- Born: 26 October 1950 (age 75) Gachemora, Assam, India
- Occupations: Writer educationist
- Known for: Assamese literature
- Spouse: Hema Prabha Gogoi
- Children: Two sons
- Parent(s): Lakhan Tasa Mukti Tasa
- Awards: Padma Shri

= Prahlad Chandra Tasa =

Indian writer and educationist (born 1950)
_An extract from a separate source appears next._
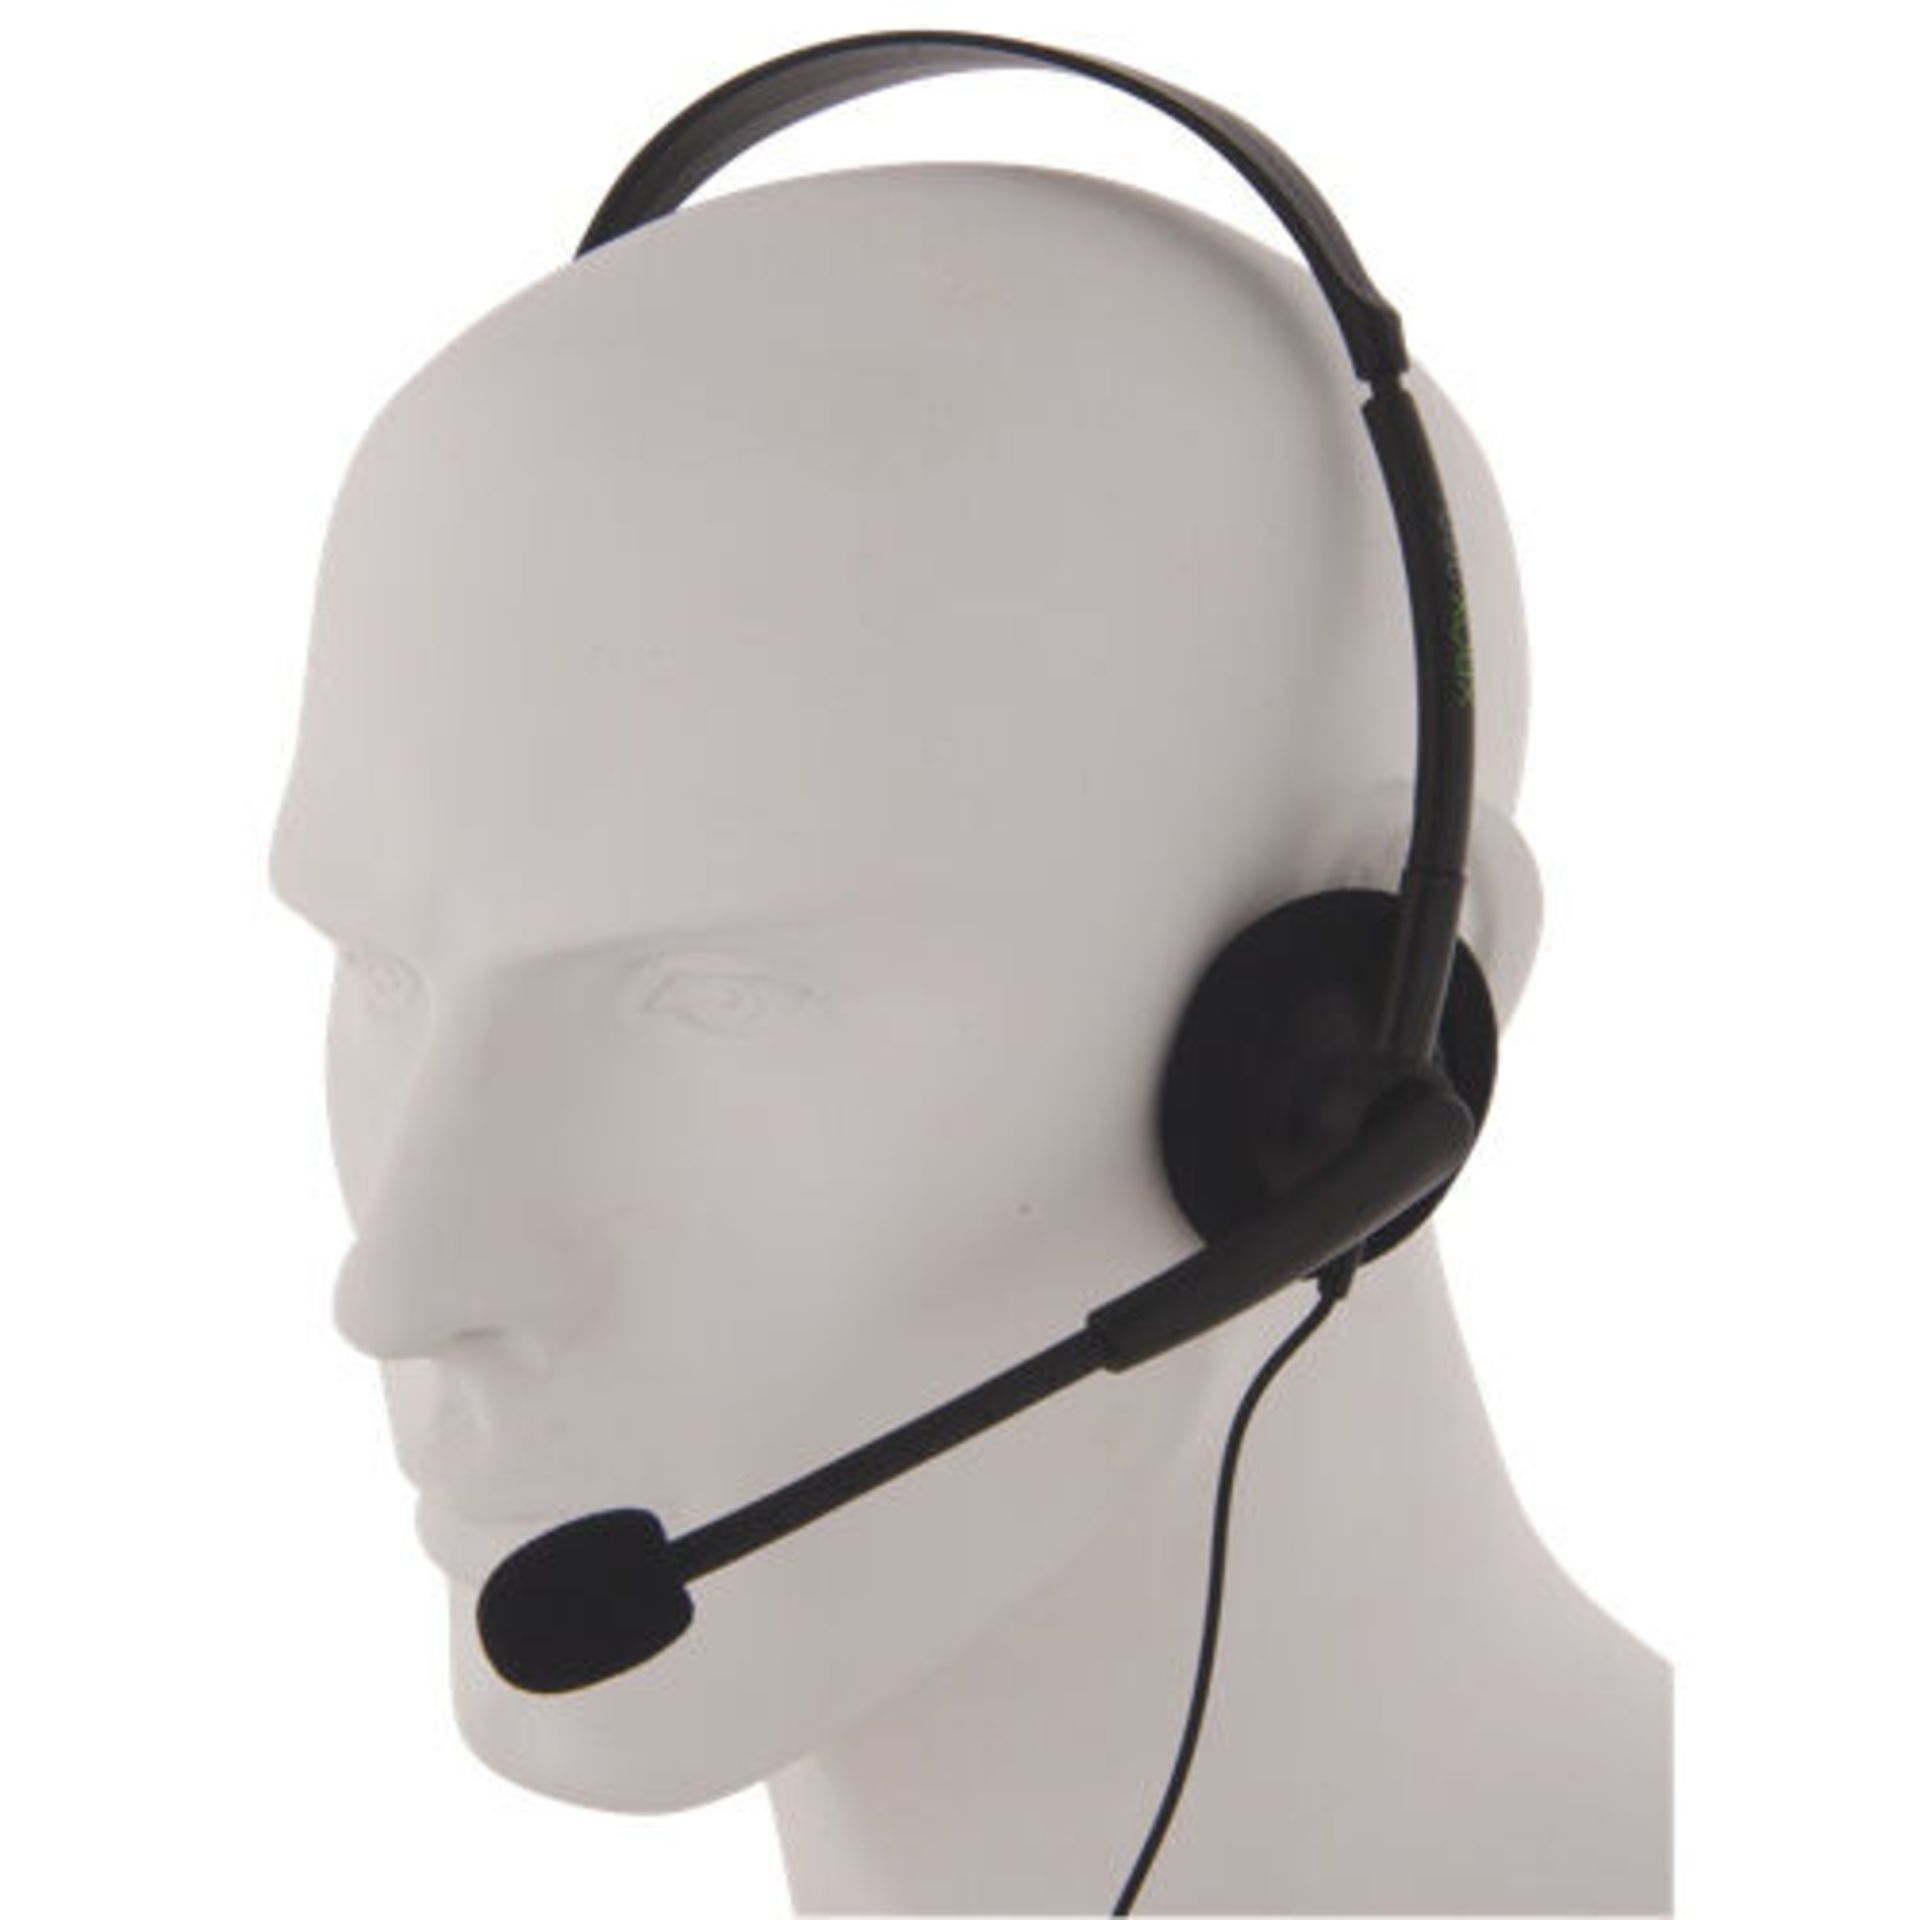 JOBLOT 100 X NEW OFFICIAL XBOX 360 LIVE ONLINE CHAT HEADSET WITH MIC GAMING HEADPHONES 2.5MM AUX - Image 3 of 6

Prahlad Chandra Tasa (born 1950) is an Indian writer and educationist, best known for his writings on education. He is the vice president of the Asam Sahitya Sabha where he has also served as a general secretary. He has published several books on educational and social issues, including Asomor chah janagosthi, an anthology of articles on the lives of the tea workers of Assam. The Government of India awarded him the fourth highest civilian honour of the Padma Shri, in 2016, for his contributions to literature and education.

== Biography ==
Prahlad Chandra Tasa was born on 26 October 1950 at Gachemora in the northeast Indian state of Assam in a poor family to Lakhan Tasa–Mukti couple and did his early education at the local primary school. After completing the schooling at Gachemora High School, he graduated from Dibrugarh Hanumanbux Surajmal Kanoi College and started his career as a school teacher at Bagmibar Nilmoni Phukan Higher Secondary School, then known as George Institution, on a temporary position, in 1973. While serving there, he founded Jamira Xahitya Xabha, a literary organization and served as its founder general secretary. When the tenure of the temporary post at the school expired, he joined Jamira Tea Estate Lower Primary School where he worked for five years and moved to Rameswar High School as a teacher till 1985. It was this time he was appointed as the school sub inspector of Tinsukia district. He served in the education department for 27 years and superannuated as the Block Elementary Education Officer of Barbarua in 2012.

Tasa was elected as the president of Dibrugarh Xahitya Xabha in 1995 and became the district president in 2000. In 2013, he was made the general secretary of the Asam Sahitya Sabha for a two-year term at the end of which he became the vice president of the organization, his term expiring in 2017. He has published a number of books, on education as well as on the socio-cultural milieu of Assam. Asomor chah janagosthi, a collection of articles edited by him is an account on the lives of the tea workers of the state. His other publications include the poem anthology, Satabdi, a biography, Byaktitor Sandhanot and prose writings such as Siksha Samikhya, Siksha Anwesha, Chah Bagichat Gana Sakhyarota, Chah Bagichat Sikshar Prokhar, Chah Shramikor Sanskritir Ruprekha, Jhumoir Nritya Geet and Chah Shramikor Swasthya Chinta.

The Government of India awarded him the civilian honor of the Padma Shri in 2016. He is married to Hema Prabha Gogoi and the couple has two sons, Anadi Swami and Ananta Swami, both medical doctors. The family lives in Dibrugarh.